**Raw data:**
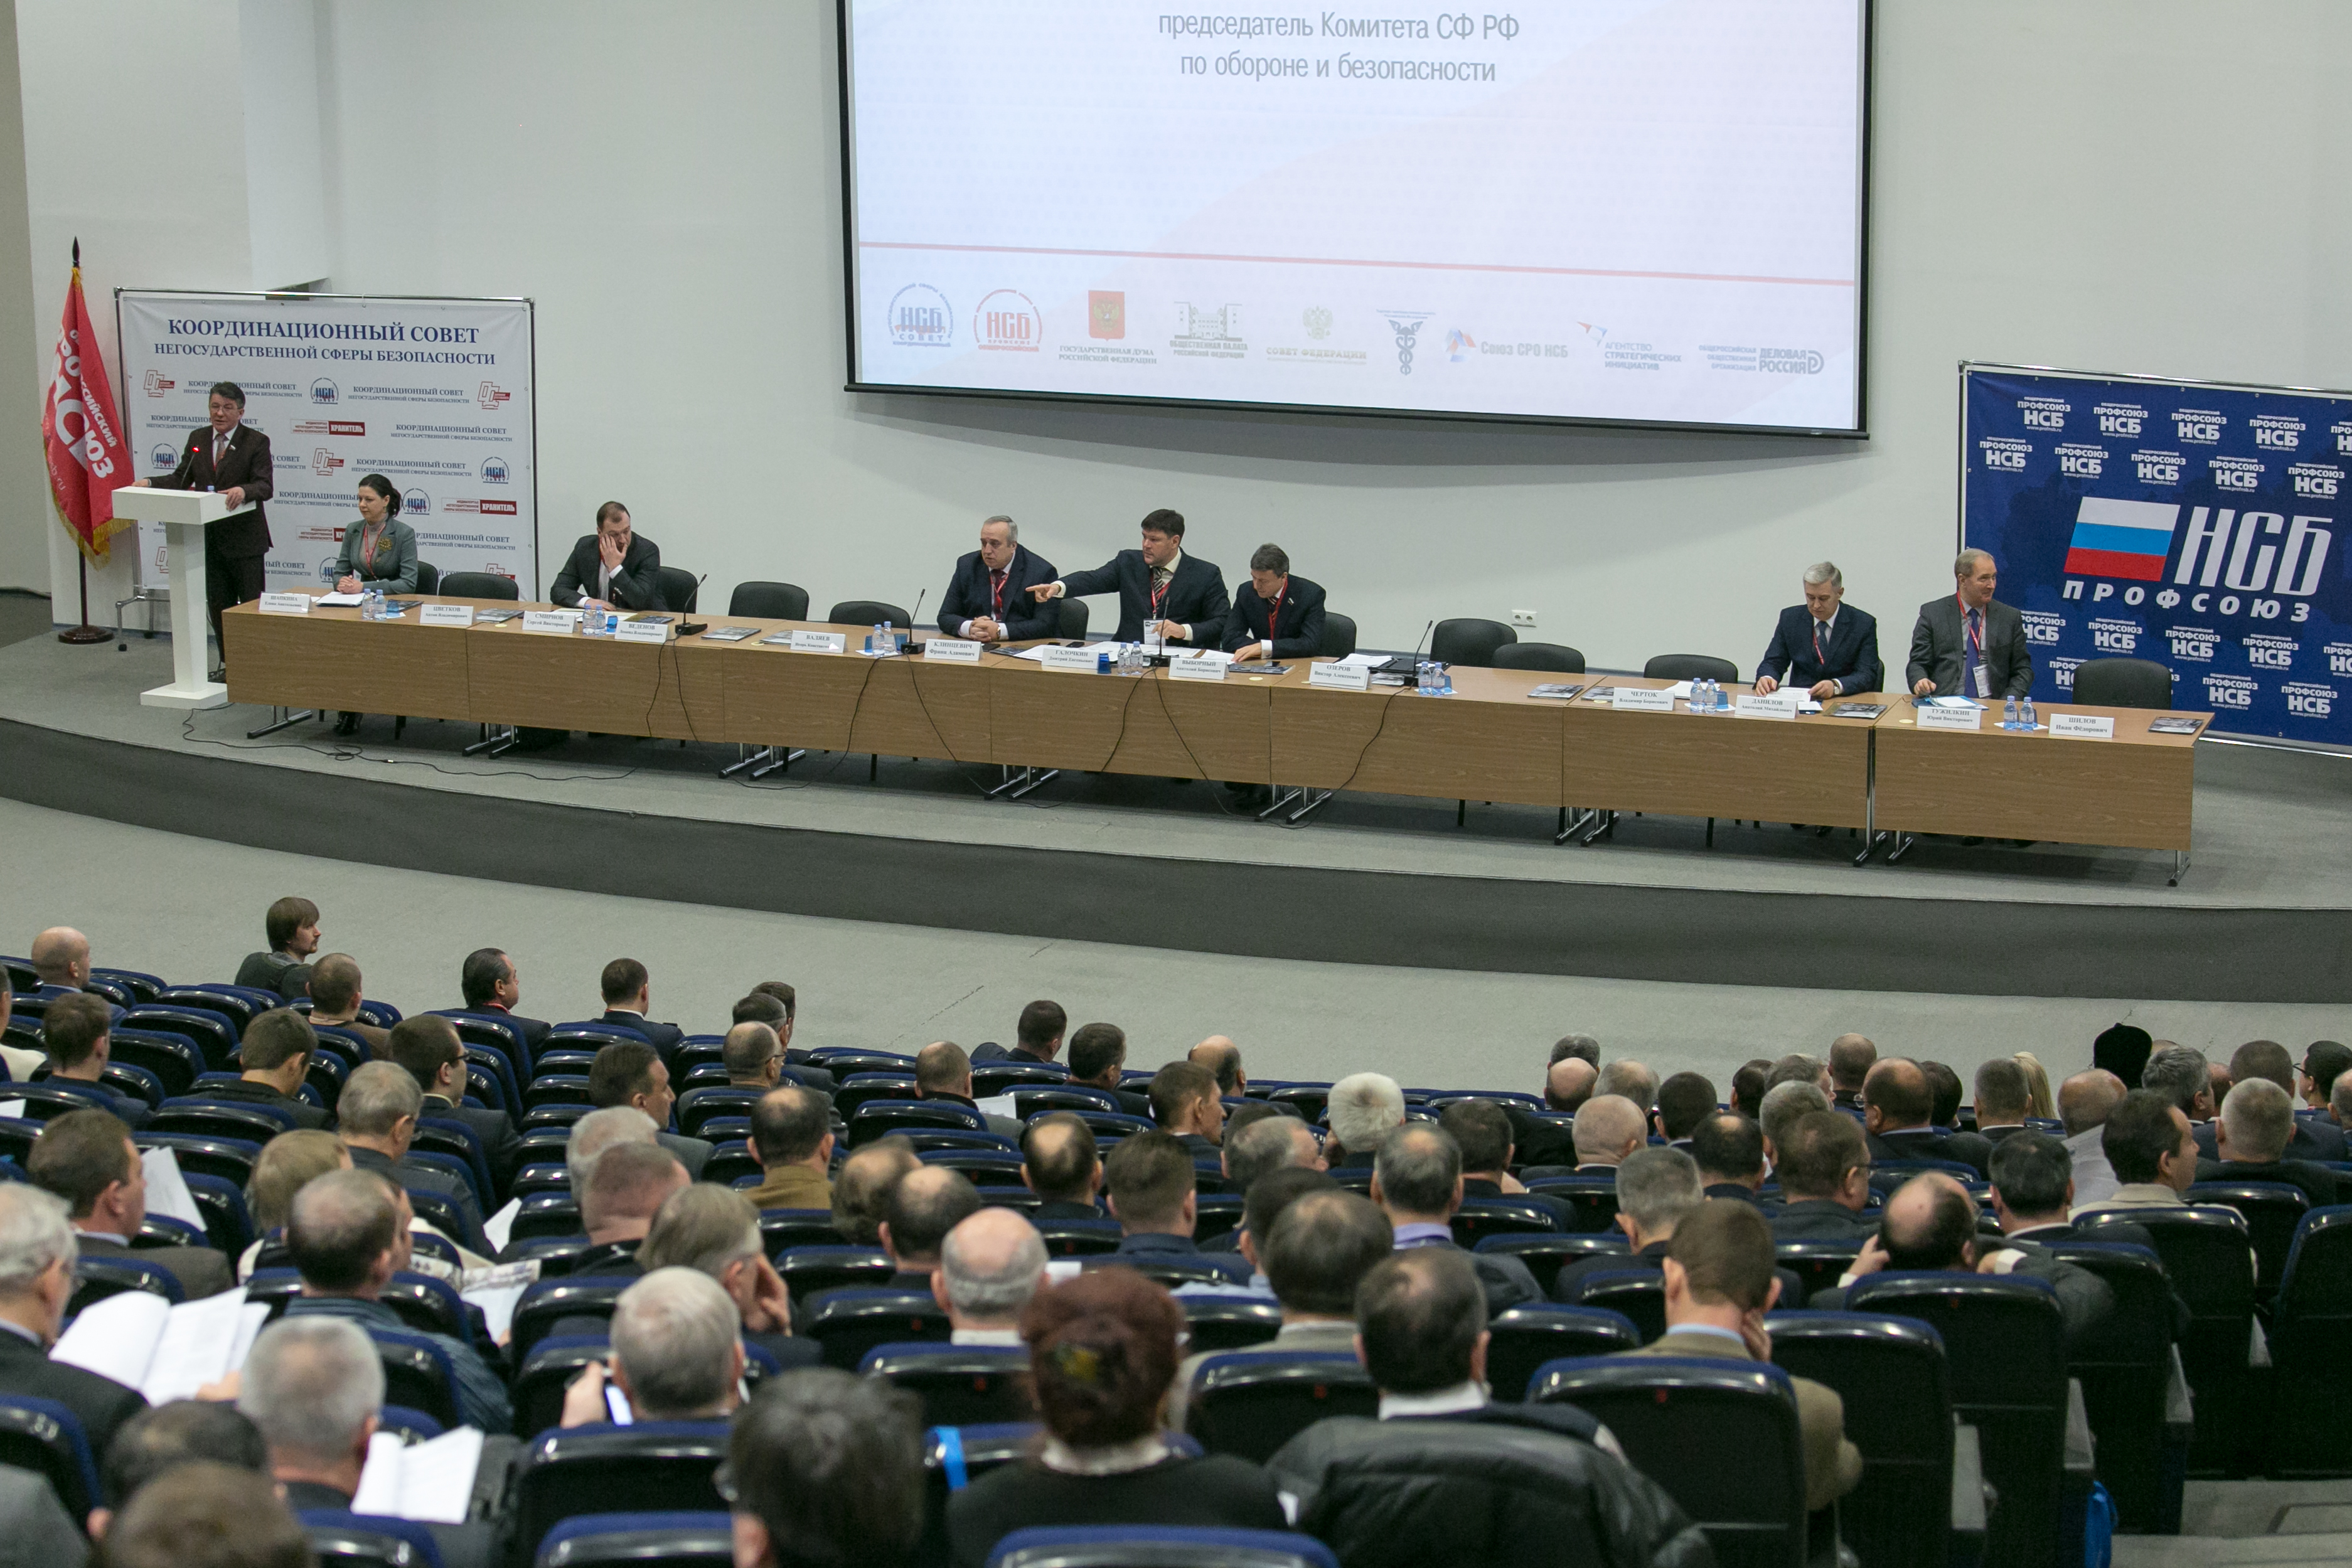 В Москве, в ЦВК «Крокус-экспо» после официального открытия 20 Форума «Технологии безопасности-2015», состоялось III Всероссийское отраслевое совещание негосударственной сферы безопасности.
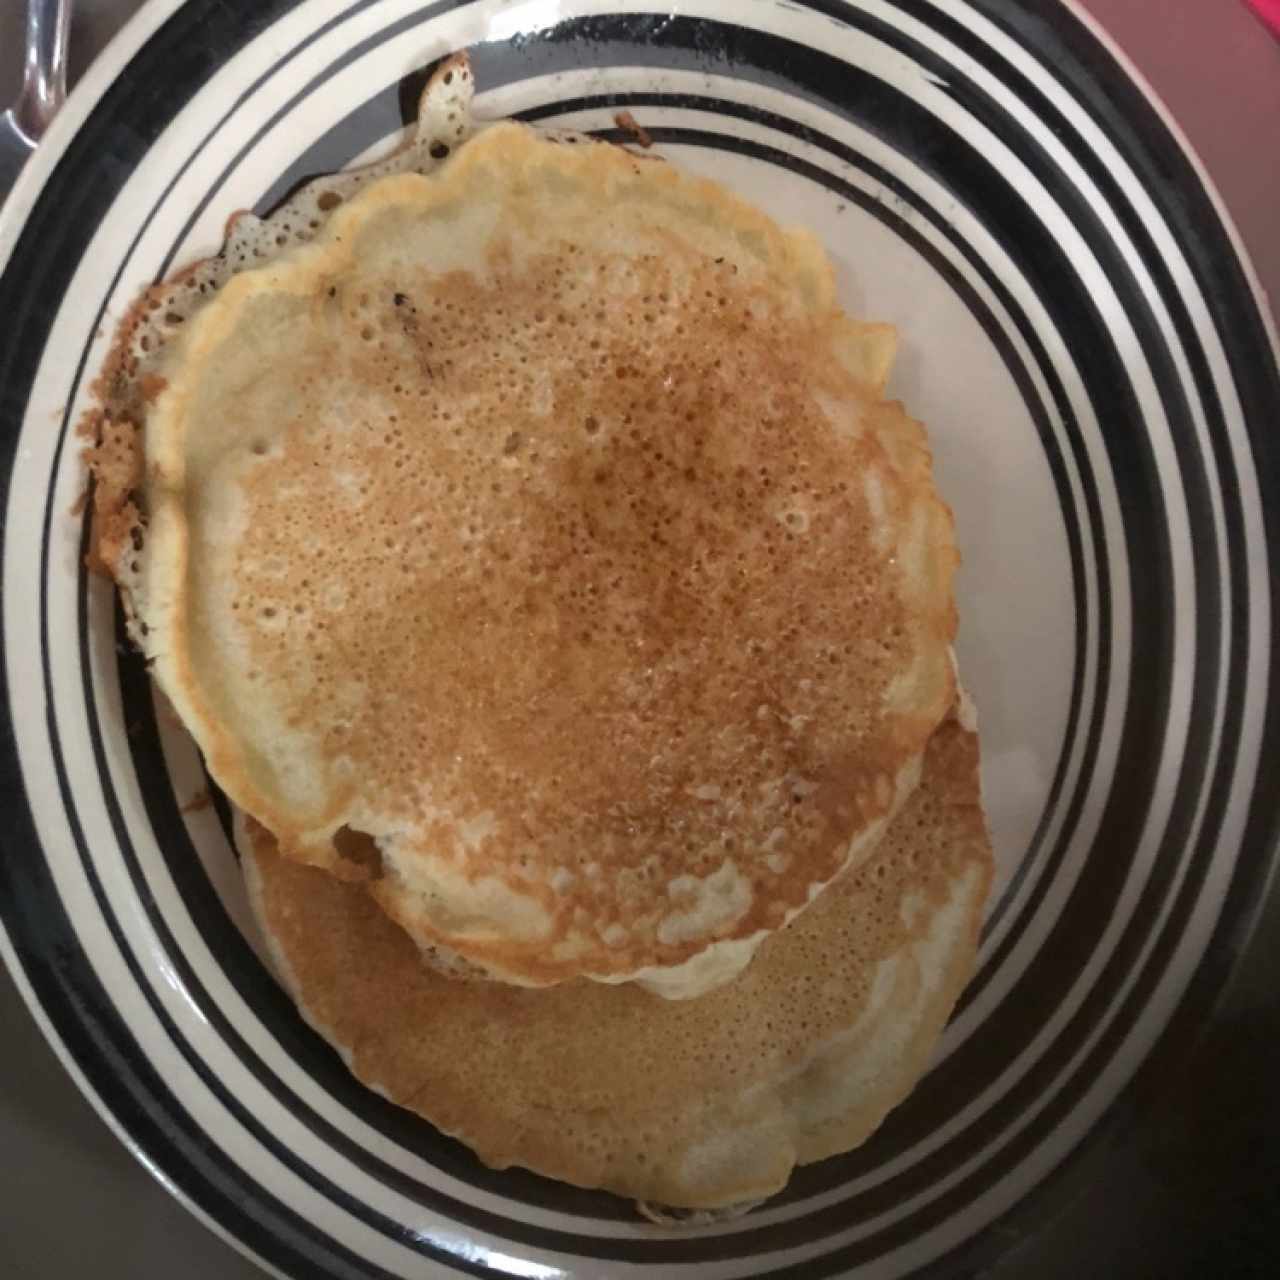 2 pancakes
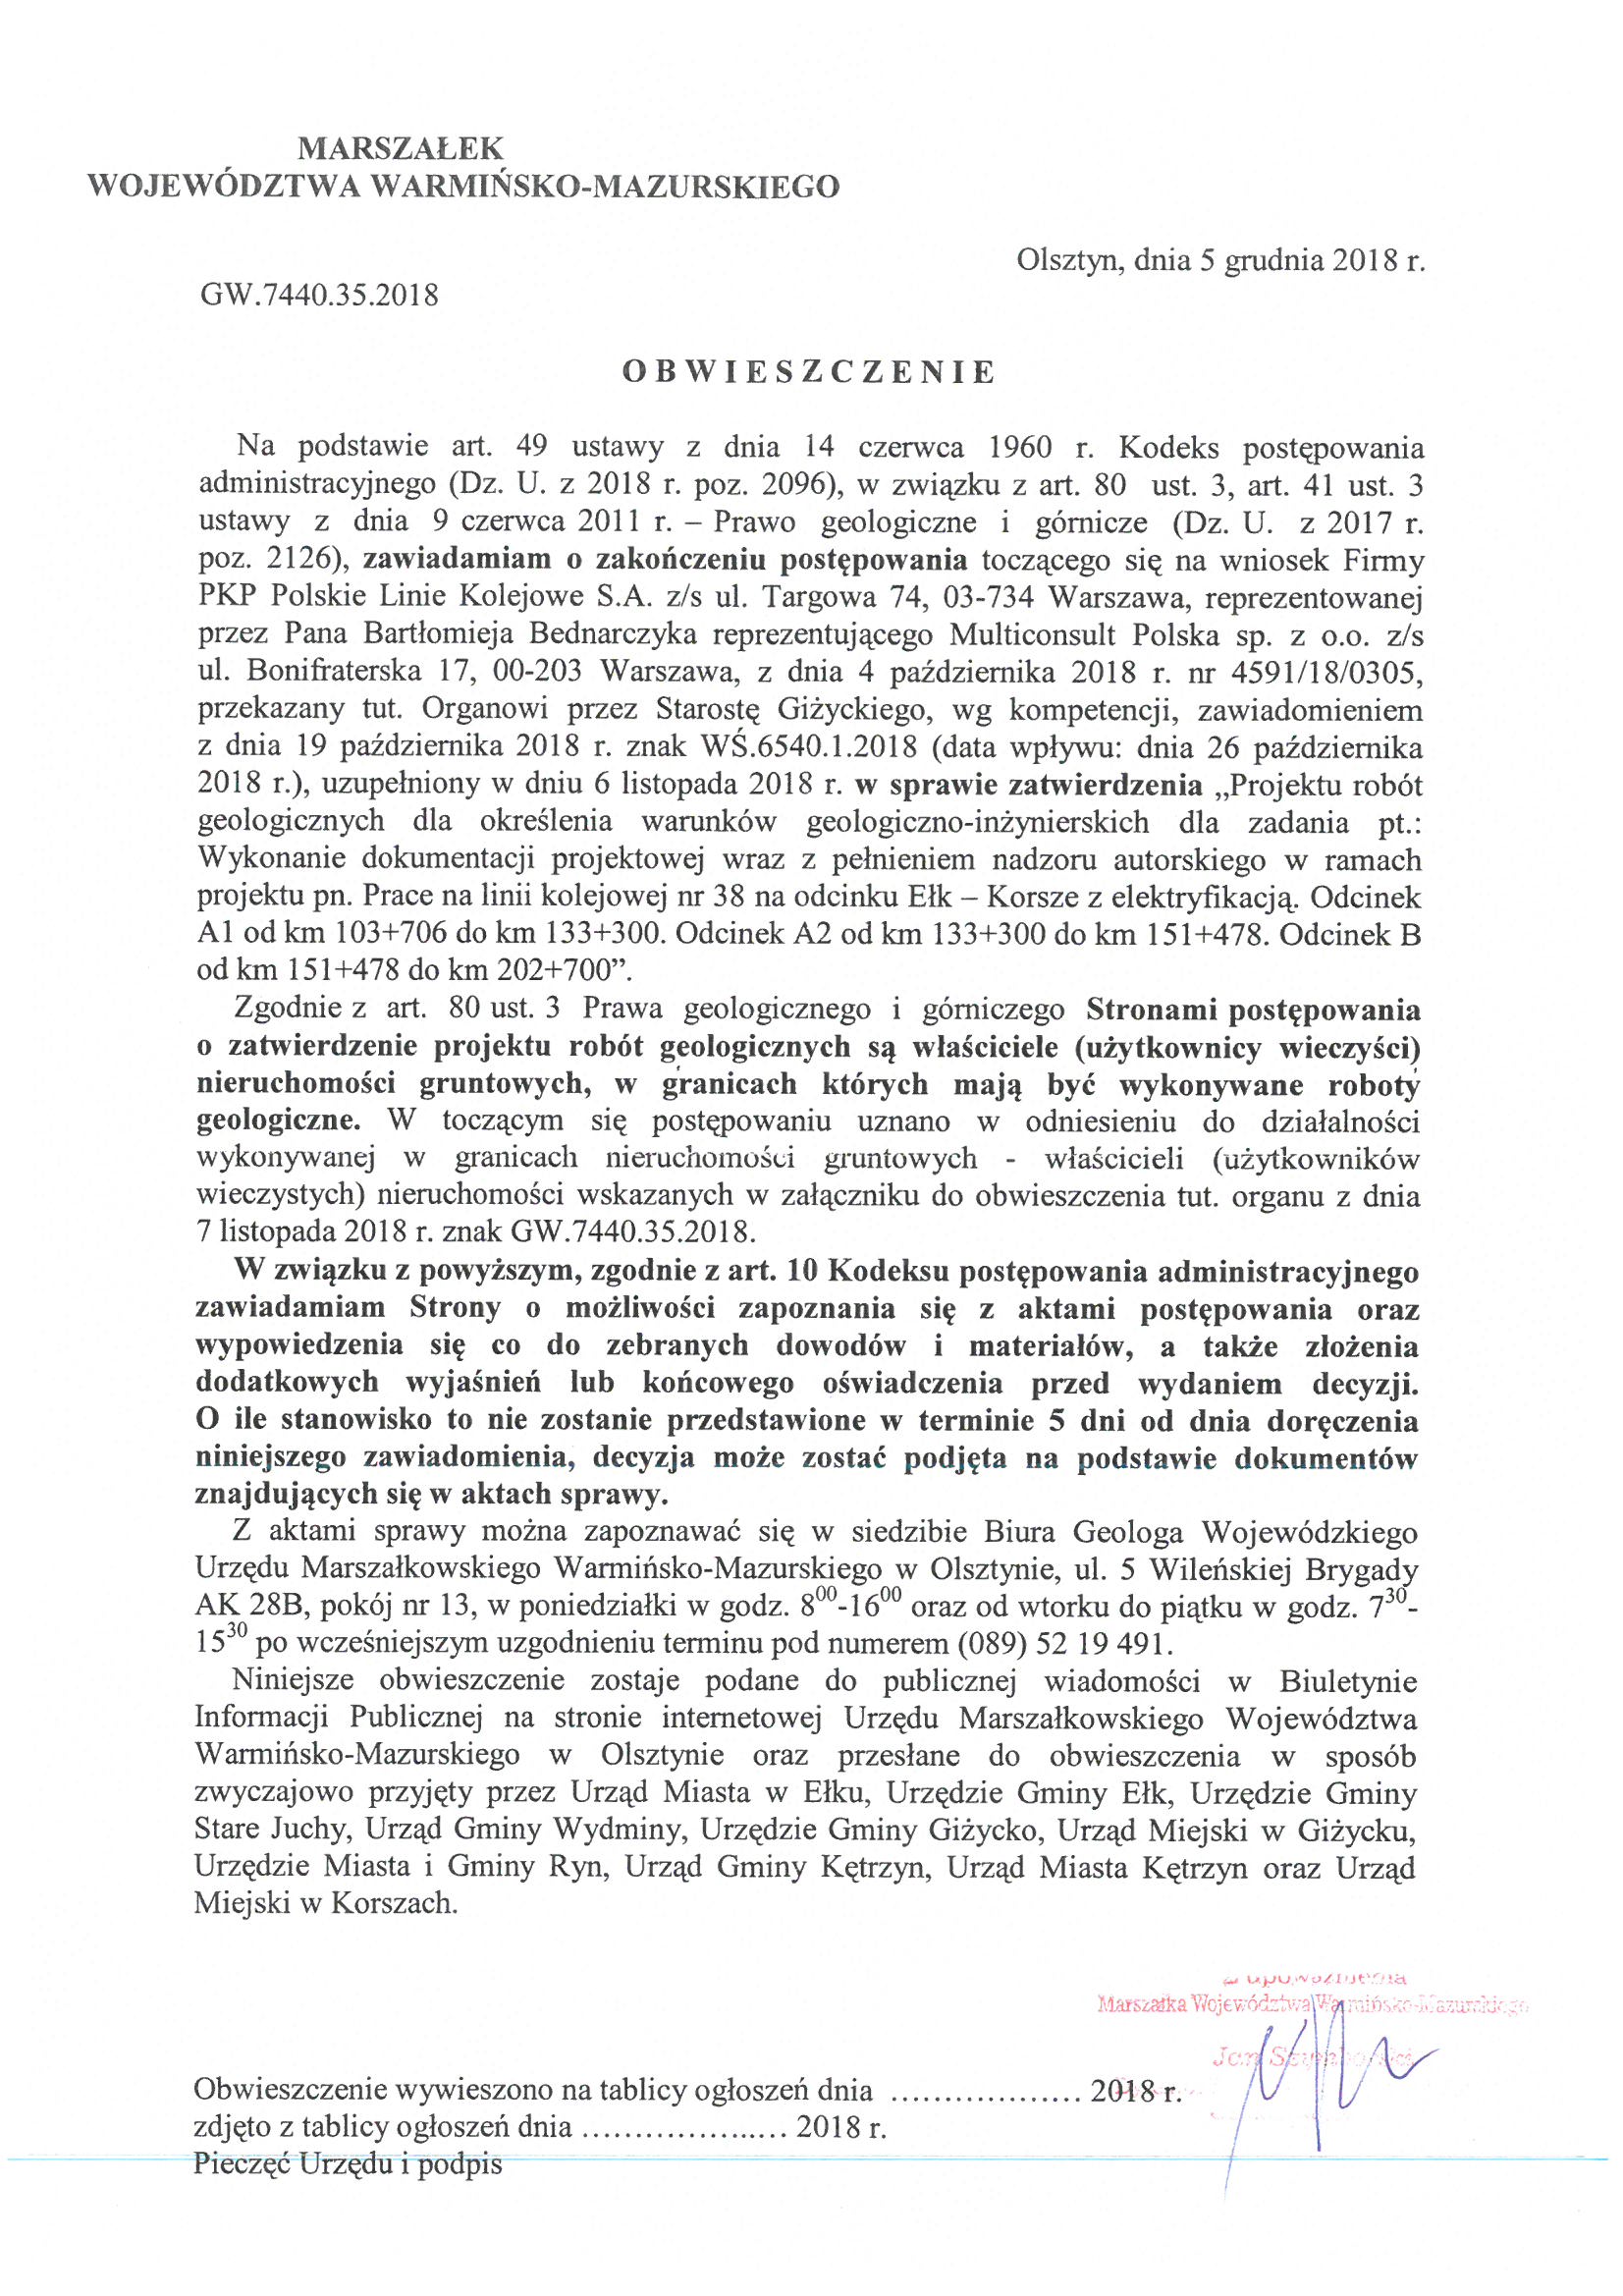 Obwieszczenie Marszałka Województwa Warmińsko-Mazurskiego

**Task to complete:** Return to the listing above and set it down exactly, leaving out its pictures.

**Written solution:**
 В Москве, в ЦВК «Крокус-экспо» после официального открытия 20 Форума «Технологии безопасности-2015», состоялось III Всероссийское отраслевое совещание негосударственной сферы безопасности.
 2 pancakes
 Obwieszczenie Marszałka Województwa Warmińsko-Mazurskiego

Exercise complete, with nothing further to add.